Any advice or something to point out with the www.conf ?

Best Answer

First, you really should ask yourself the question: Is 250 req / second something your site really should be able to handle? That is a LOT of requests for a page. Quite frankly, I think 250req/s maxing your CPU is normal given what you have -- a virtualized system.

pm.max_children = 150

You probably kept on raising this because you keep on getting error saying you're maxed out on children. But you're actually shooting yourself in the foot when you raise this beyond what your system can handle. It's better to NOT accept a next request it can't handle than to accept. Increasing this not only thins out your system, you create more resource requirements as well as more overhead.

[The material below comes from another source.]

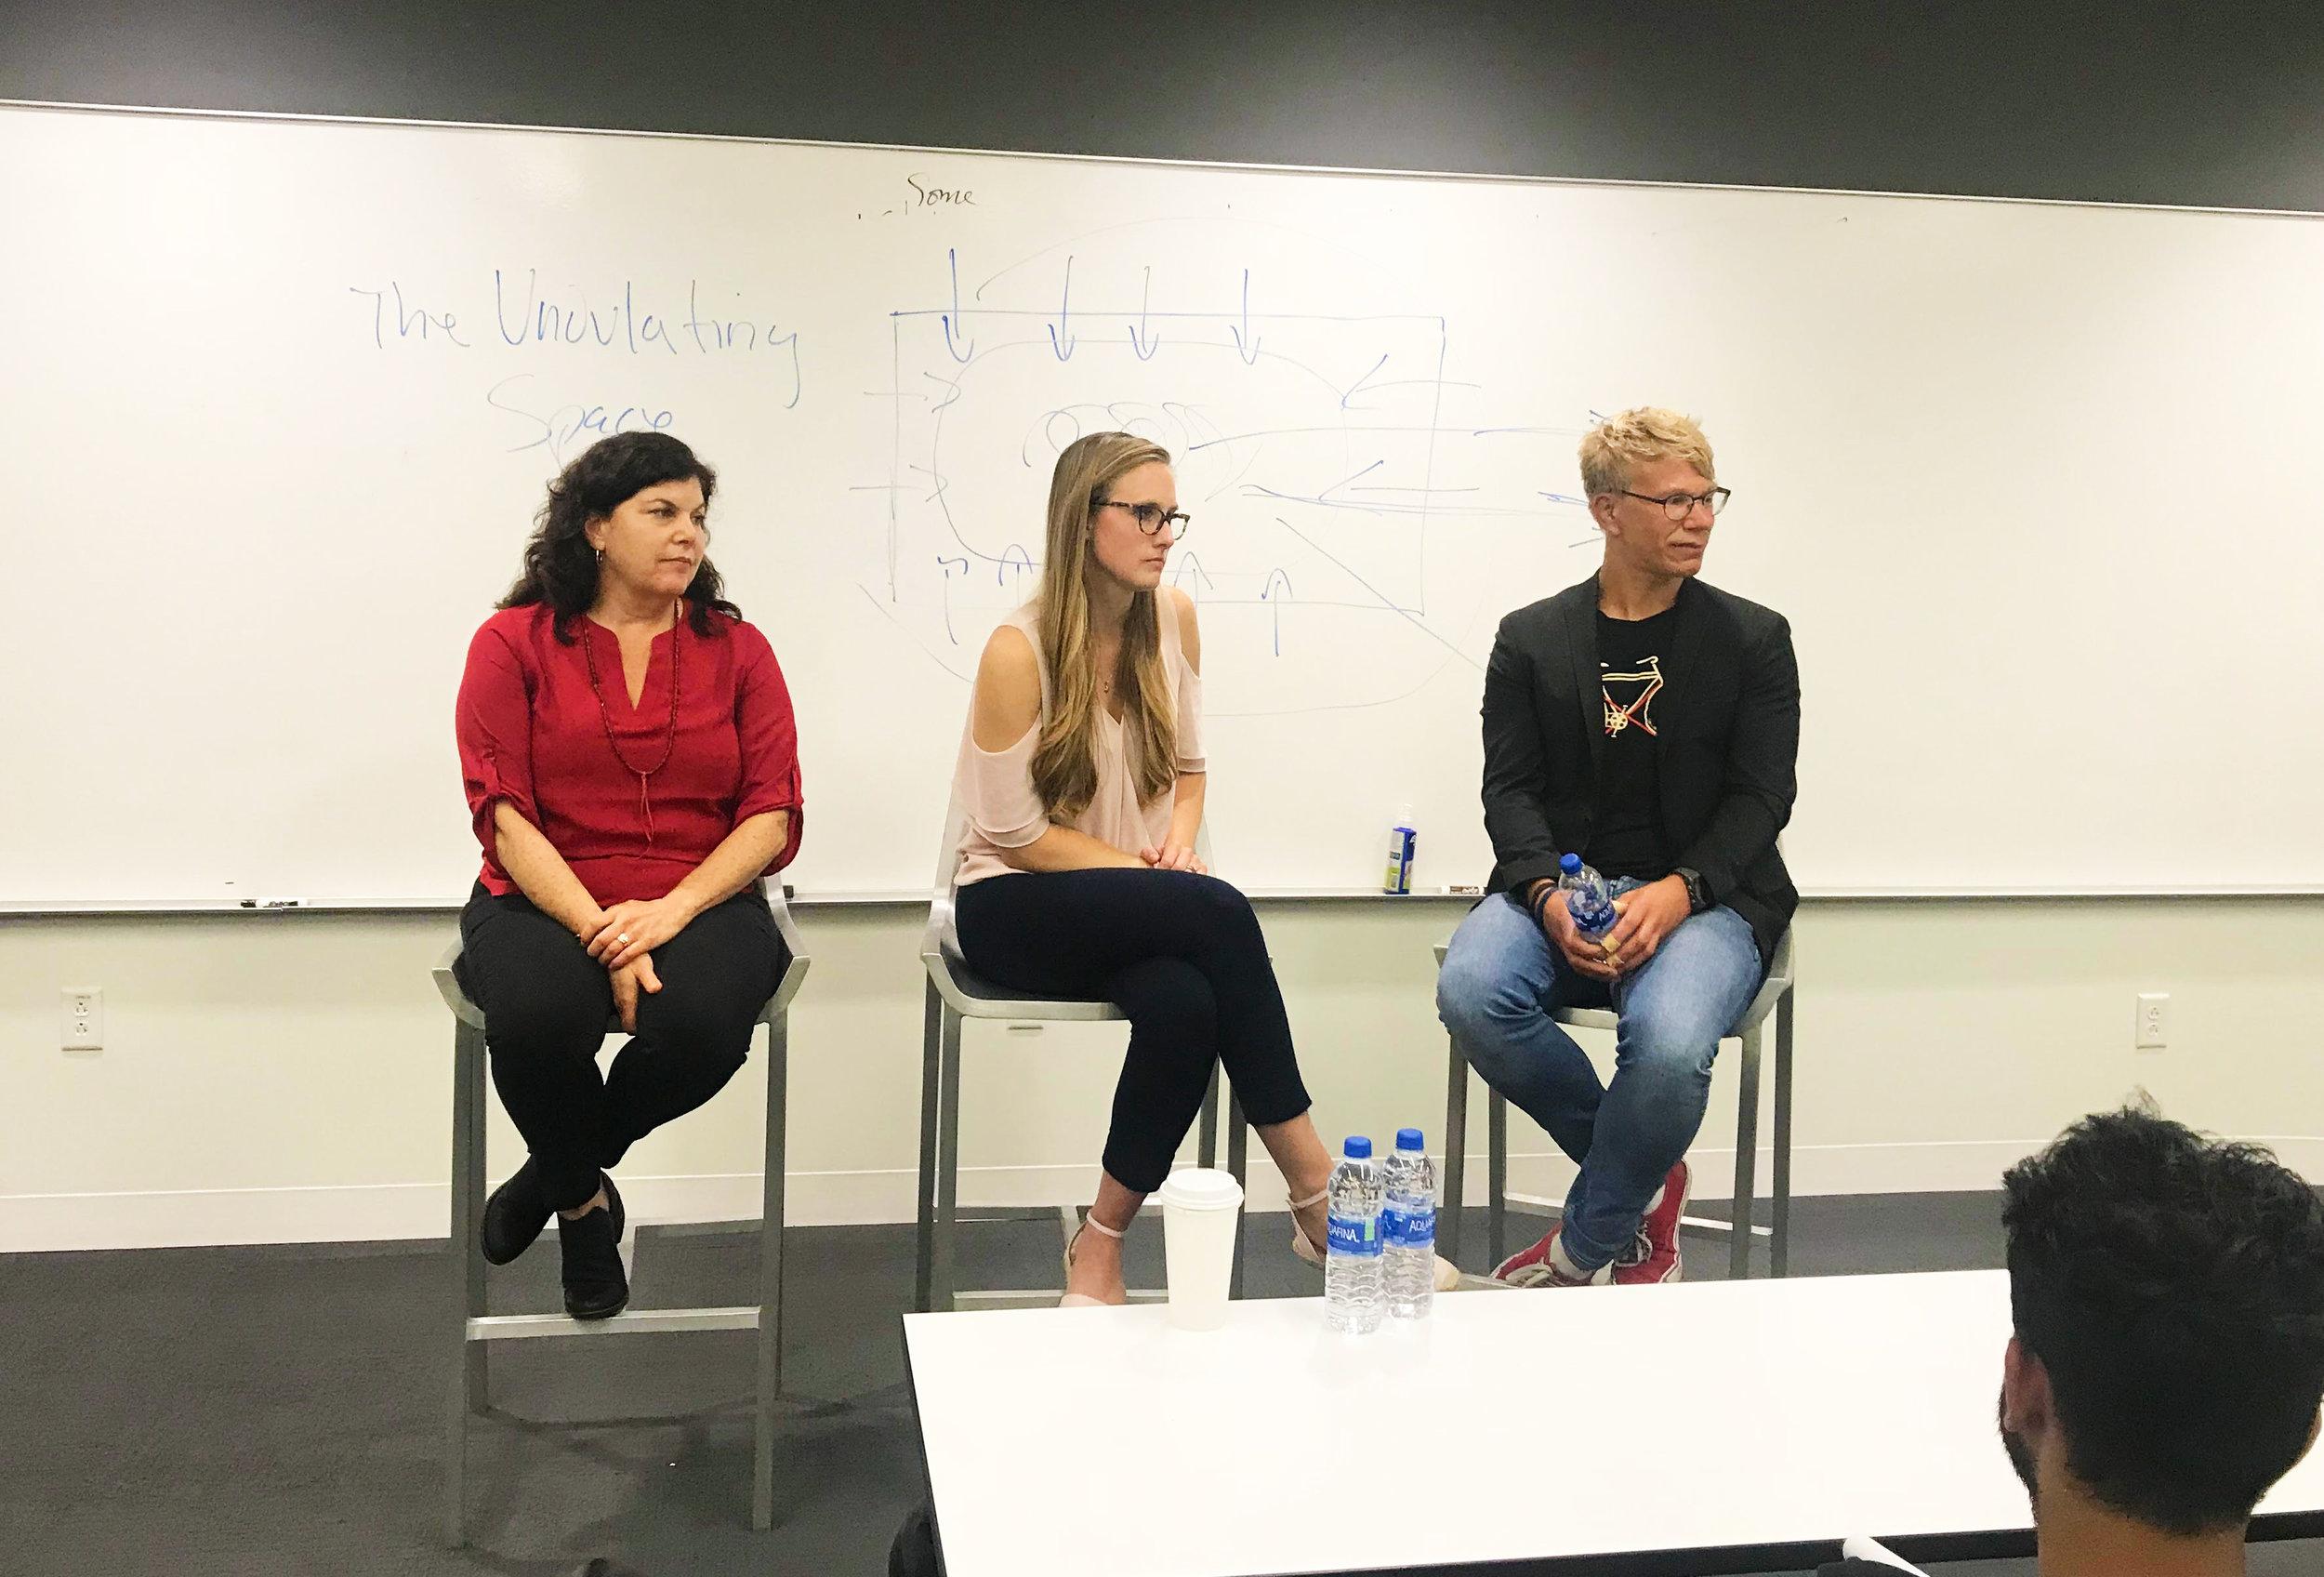 From left to right: Jennifer Baker, Executive Director, Golin-Harris, LA. Megan Castilla, former student, Principal, Hill+Knowlton Strategies, LA. Frederick Pruss, former student, Crisis Management, Edelman, Berlin.
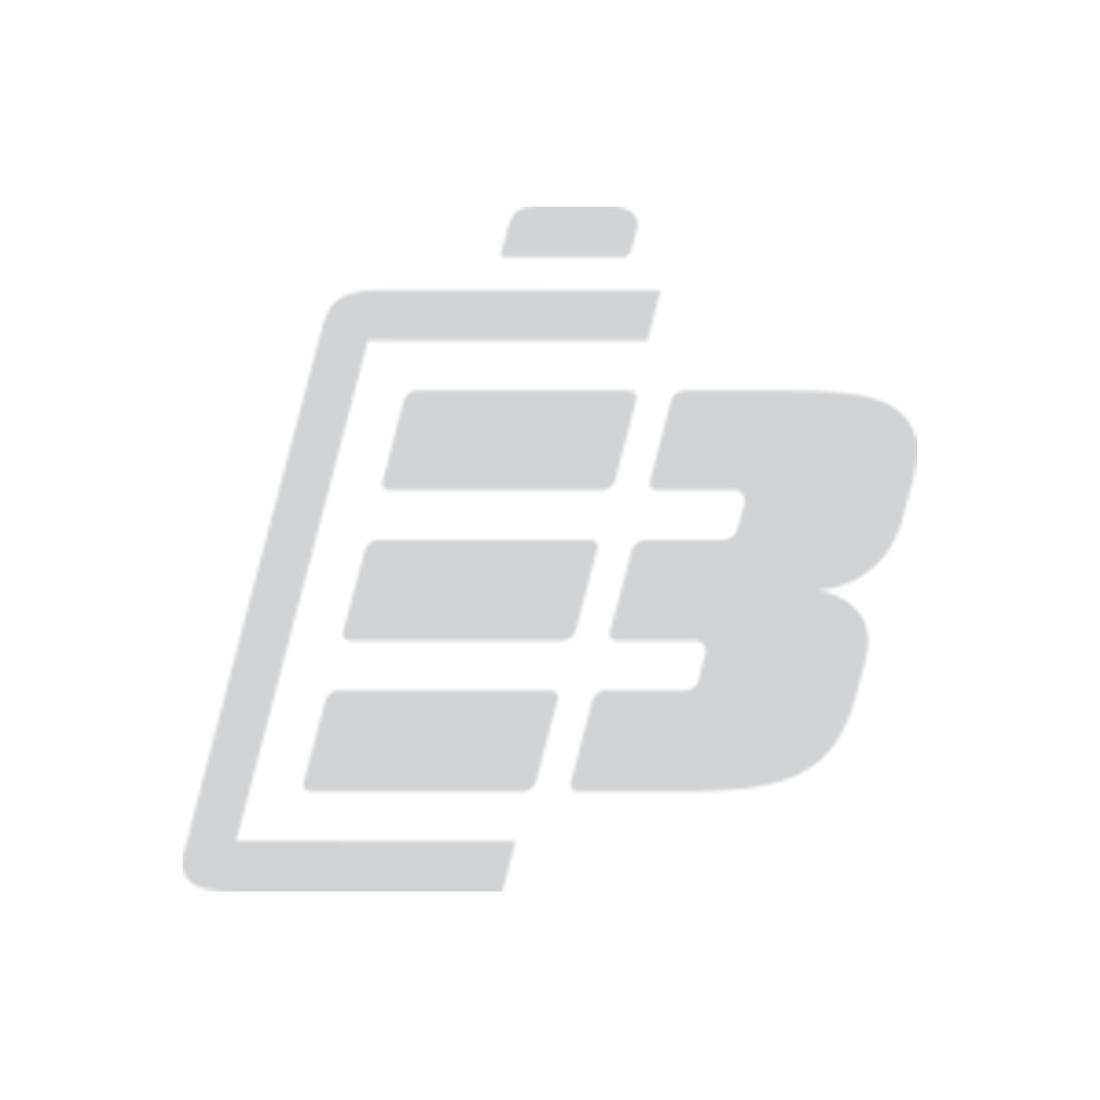 Smartphone battery Xiaomi Pocophone Poco F1_1

And when that explodes to a size your system can no longer handle, it creates signs like freezing. I don't know exactly what your VPS is giving you (and you'll never know since it's not static as it depends on other users in the node), but I would personally say that anything above 20 for your specified system is a not realistic setting.

You should also adjust start/min/max spare accordingly as having then greater than max children makes no sense. Or you can just not worry about it and set to pm = static.